The utility of chemosensor array (EN) signals of head-space volatiles of aerobically stored pork cutlets as a non-invasive technique for monitoring their microbiological load was studied by Horvath et al. [61] during storage at 4, 8 and 12 °C, respectively. The bacteriological quality of the meat samples was determined by standard total aerobic plate counts (TAPC) and colony count of selectively estimated Pseudomonas (PS) spp., the predominant aerobic spoilage bacteria. Statistical analysis of the electronic nose measurements were principal component analysis (PCA), and canonical discriminant analysis (CDA). Partial least squares (PLS) regression was used to model correlation between microbial loads and EN signal responses, the degree of bacteriological spoilage, independently of the temperature of the refrigerated storage. Sensor selection techniques were applied to reduce the dimensionality and more robust calibration models were computed by determining few individual sensors having the smallest cross correlations and highest correlations with the reference data. Correlations between the predicted and “real” values were given on cross-validated data from both data reduced models and for full calibrations using the 23 sensor elements. At the same time, sensorial quality of the raw cutlets was noted subjectively on faultiness of the odor and color, and drip formation of the samples. These preliminary studies indicated that the electronic nose technique has a potential to detect bacteriological spoilage earlier or at the same time as olfactory quality deterioration.

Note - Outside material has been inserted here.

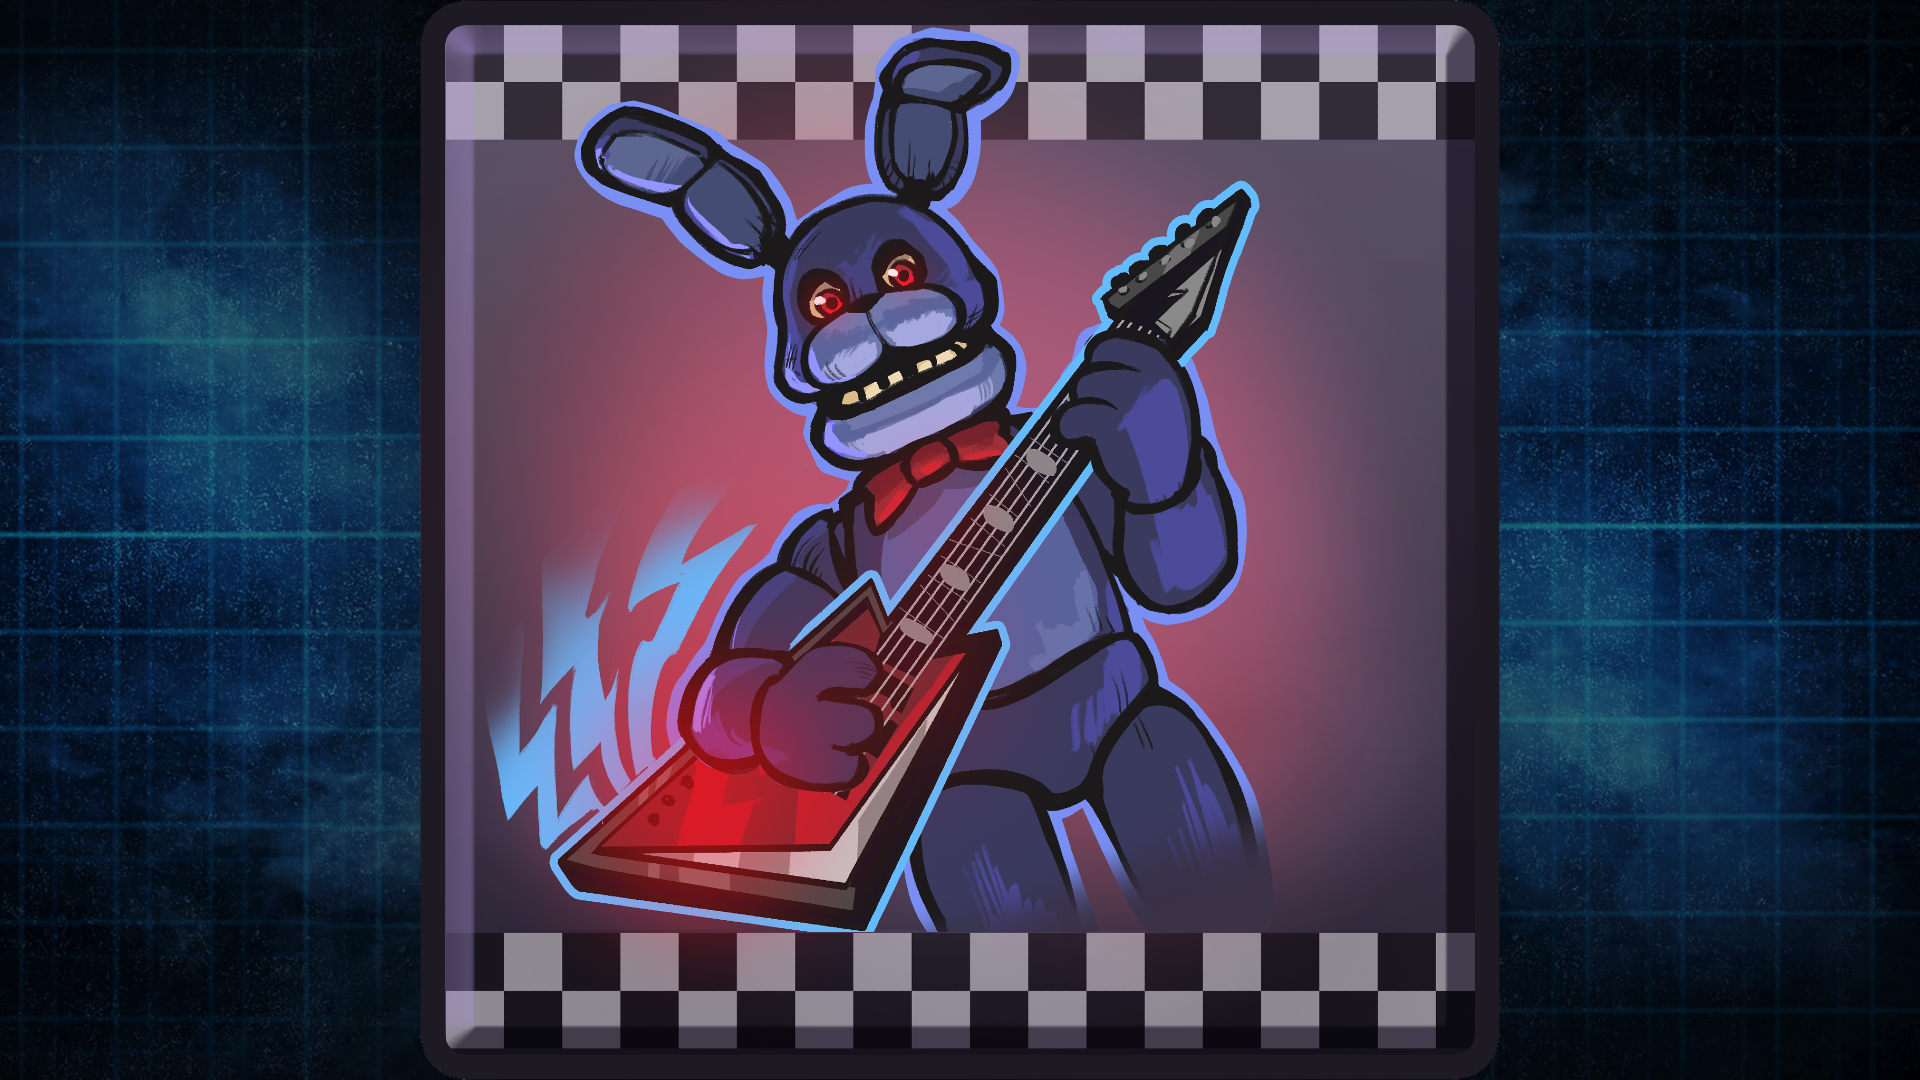 Icon for Rock!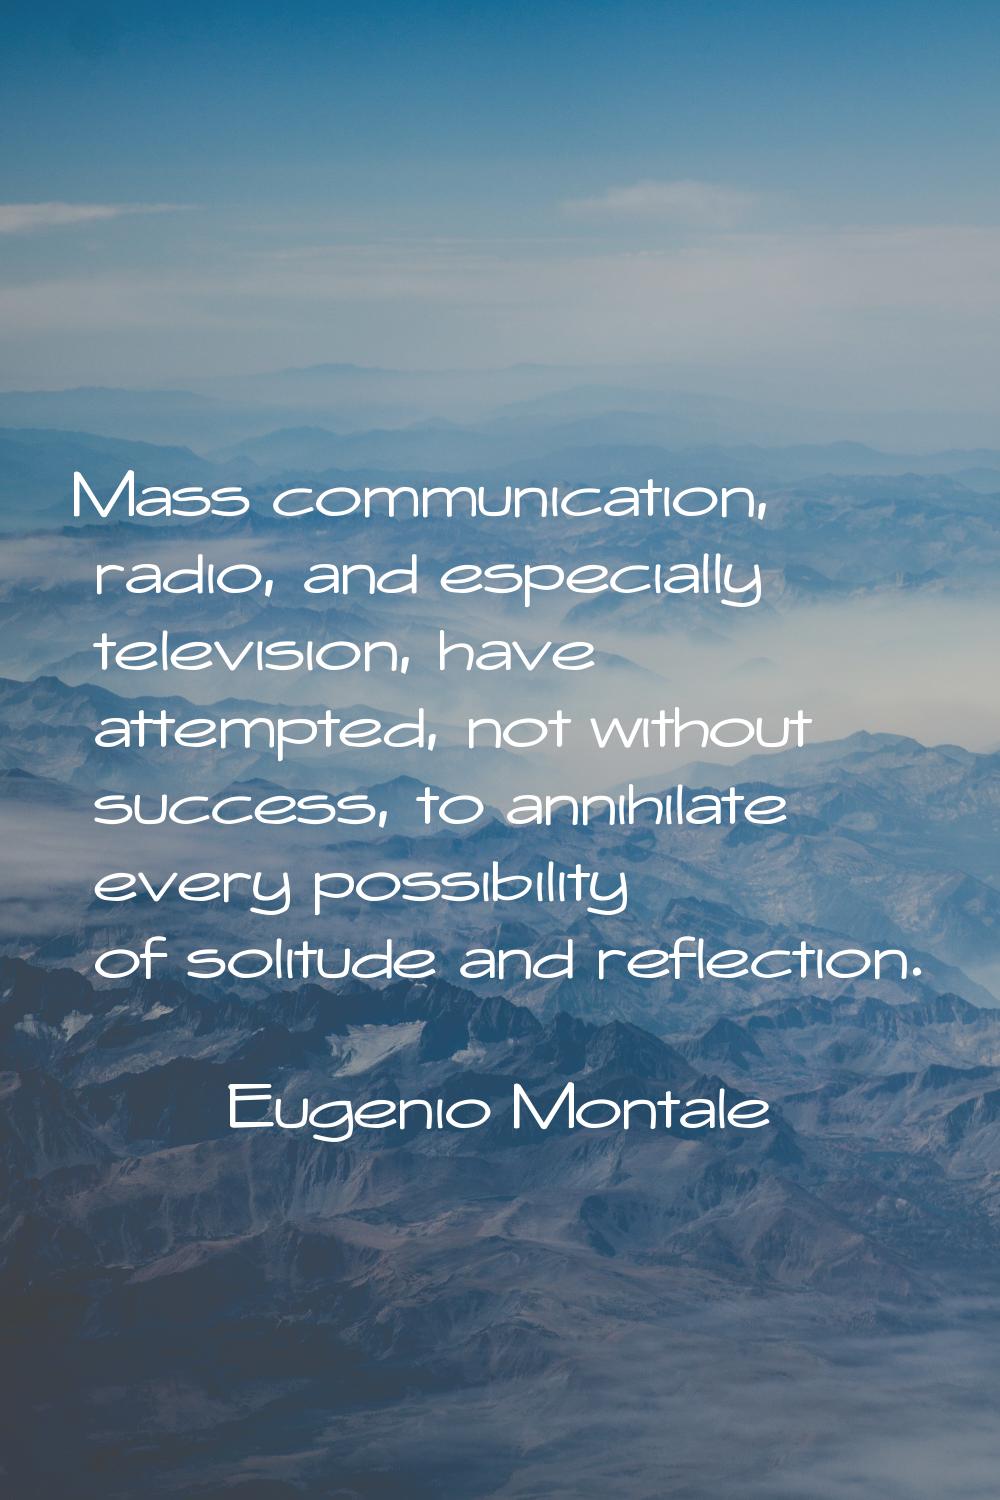 Mass communication, radio, and especially television, have attempted, not without success, to annih

By Tikk et al. [62], a sensory analysis of meatballs was carried out to monitor the warmed-over flavor (WOF) development in cooked, cold-stored (at 4 °C for 0, 2 and 4 days) and reheated meatballs derived from M. longissimus dorsi (LD) and M. semimembranosus (SM) of pigs fed a standard diet supplemented with either 3% of rapeseed oil or 3% of palm oil. This was performed in combination with measurement of volatile compounds using a solid-state-based gas sensor array system (electronic nose) and gas chromatography/mass spectrometry together with measurement of thiobarbitoric acid reactive substances (TBARS). Subsequently, to elucidate the relations and predictability between the obtained data, the gas sensor responses were correlated with chemical (volatile and non-volatile secondary lipid oxidation products) and sensory data (flavor and odor attributes), using partial least squares regression modeling (PLSR). The TBARS, hexanal, pentanal, pentanol and nonanal all correlated to the sensory attributes associated to WOF formation. Moreover, the responses from eight of the MOS (metal oxide semiconductor) sensors within the electronic nose proved to be significantly related to WOF characteristics detected by both sensory and chemical analysis, while six of the MOSFET (metal oxide semiconductor field effect transistor) sensors were related to freshly cooked meat attributes determined by sensory analysis. The obtained results show the potential of the present gas sensor technology to monitor WOF formation in pork.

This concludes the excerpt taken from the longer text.